Early surgical repair of DSS has been advocated to prevent rapid progression of LVOTO and development of significant AR (2224,54,55). Some investigators advise surgical repair, irrespective of the gradient, to reduce the damage to the aortic valve (56), but studies advocating early surgical repair are based on relatively small numbers of pediatric patients and short follow-up. No data on the benefits of early operation in adolescents and adults have been reported. The present study shows that LVOTO also has a progressive nature in adult patients, but the obstruction progresses very slowly along several decades, although it may be accelerated after the fifth decade of life. This pattern of progression makes the average age for surgical repair of DSS in adults to be >50 years old, with its clinical manifestation in the 60s or even 70s not infrequent. Aortic regurgitation is very common in adults, and it is related to the severity of LVOTO, but in most cases, AR is a mild and nonprogressive consequence of DSS. Moreover, the severity of AR in DSS repaired during childhood was significantly greater than that in patients who survived naturally into adulthood. Data from this study and others (57) show that the benefits of early surgical repair in adolescents and adults should be questioned. Surgical decisions in adult patients diagnosed with DSS should be based not only on the anatomic finding of subvalvular stenosis, but also on the clinical evaluation, left ventricular hypertrophy, systolic function and severity of LVOTO and aortic insufficiency.
Study limitations.
The retrospective nature of this study may be considered an important limitation, and data should be confirmed by prospective studies following the evolution of young patients with mild DSS over several decades. The hemodynamic data of this study were based only on DE assessment, and data from cardiac catheterization were not analyzed. A fair correlation between DE and catheter-based LVOTO and AR has previously been reported (25,27), but Doppler flow peak velocity through the LVOT depends not only on the subaortic pressure gradient, but also on the severity of AR. Progression in the Doppler LVOT pressure gradient may be produced by an increase in the severity of either subaortic obstruction or aortic regurgitation, or both. Pressure recovery is another cause of increased Doppler flow peak velocity that is out of proportion to the catheter-measured LVOTO (58).
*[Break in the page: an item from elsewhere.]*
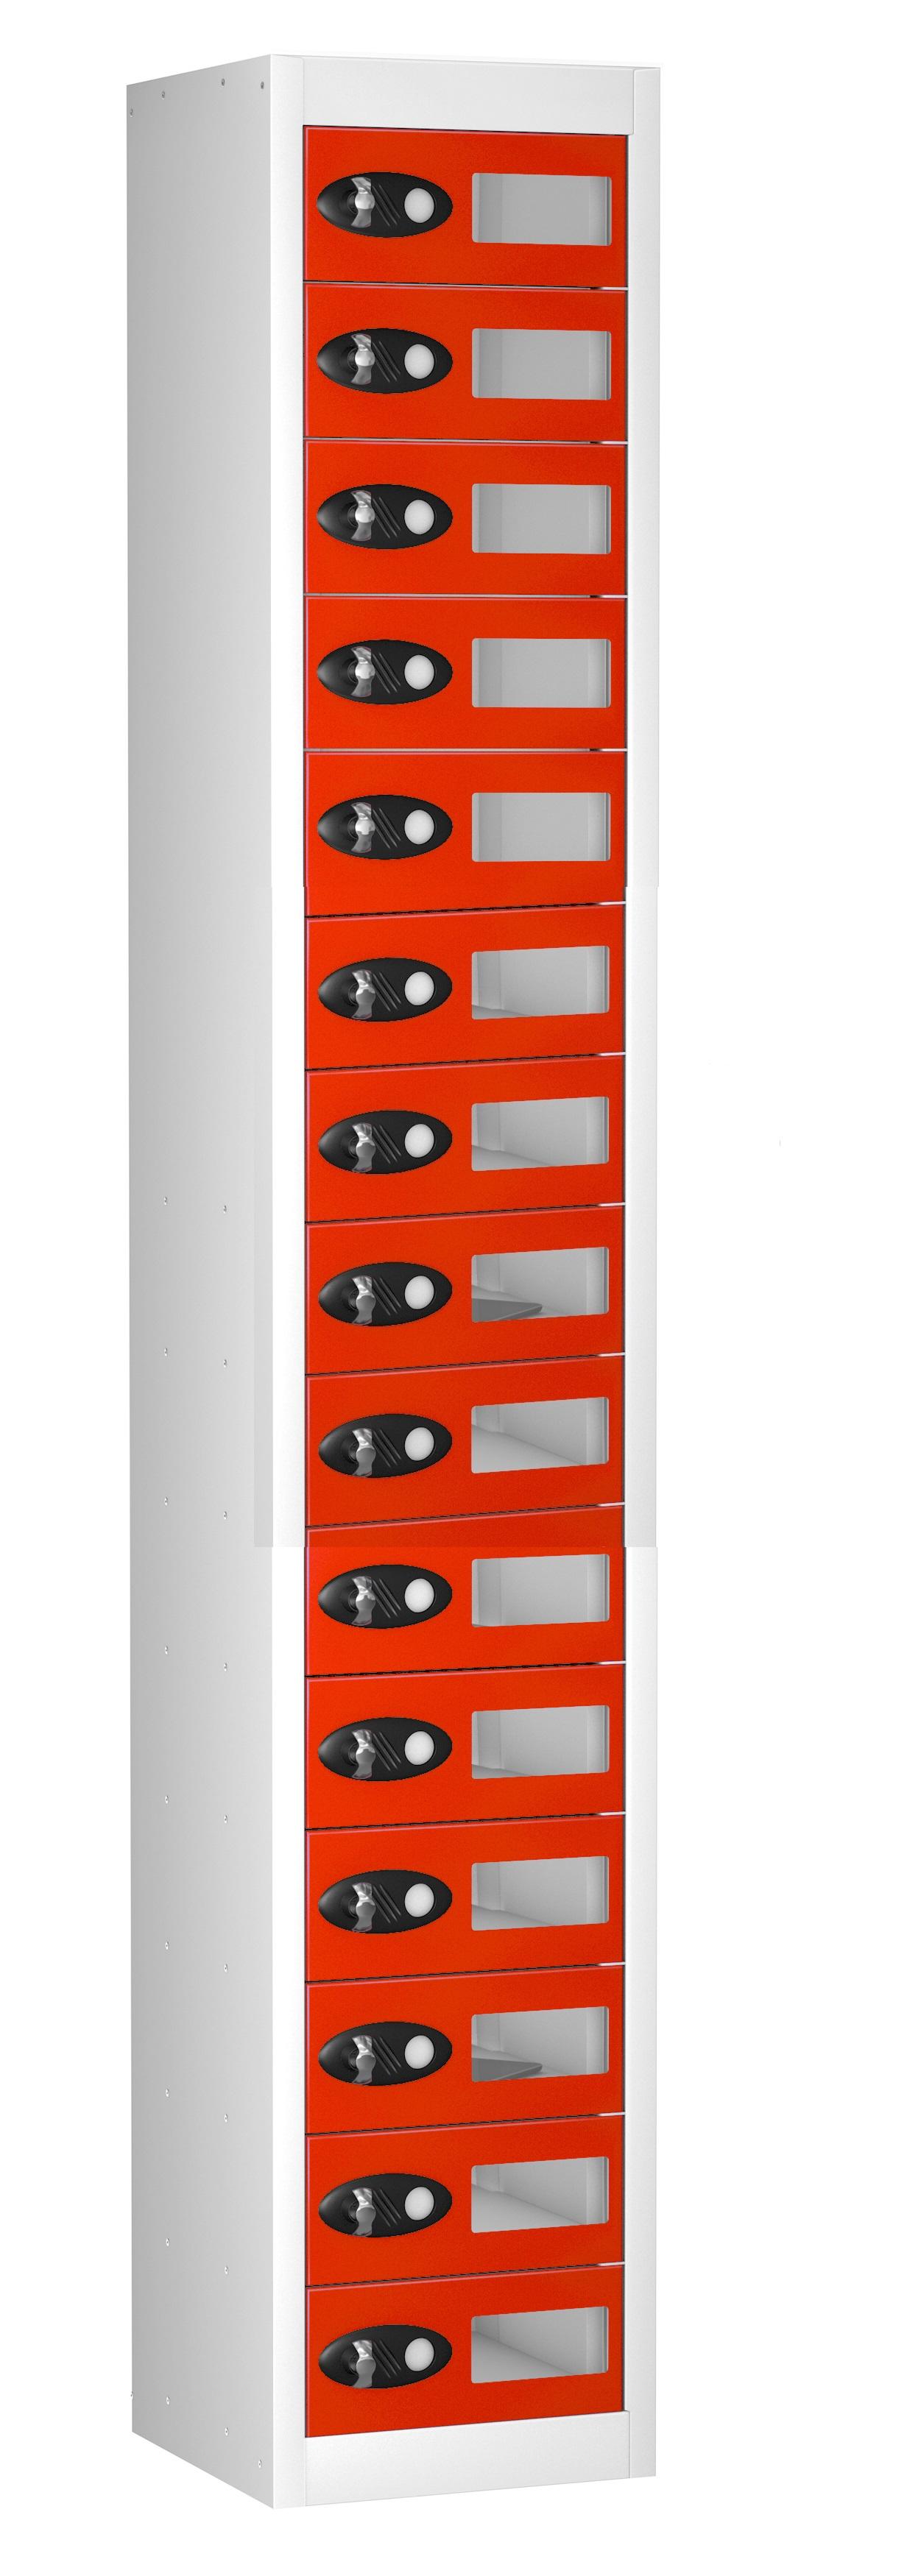 VISION PANEL TABLET Storage Locker -15 Doors (Non Charging)

In any case, this study shows that progression in the hemodynamic consequences of DSS during adult life is relatively slow.
Conclusions.
Overall, the data from this study suggest that DSS is currently a relatively frequent heart disease in adults, and its prevalence may be increasing due to the greater number of repaired CHDs, which may enhance the evolution of DSS. In most cases, DSS is a primary lesion in patients with different cardiac conditions that have small morphologic or functional abnormalities in the LVOT in common, which increase septal shear stress and stimulate cellular proliferation in the interventricular septum and surroundings structures. In rare circumstances, DSS may also appear as a response to an acquired disease, such as rheumatic mitral valve disease. In adult patients, DSS progresses in severity during a lifetime, but in contrast to what happens in children, progression of the obstruction occurs slowly, over several decades. Aortic regurgitation is very common, but usually it is a mild and nonprogressive consequence of DSS, although severe AR may occur after infective endocarditis. Surgical repair of DSS in children does not prevent AR development in adults. The current indications for surgical intervention of DSS in adults need to be revised.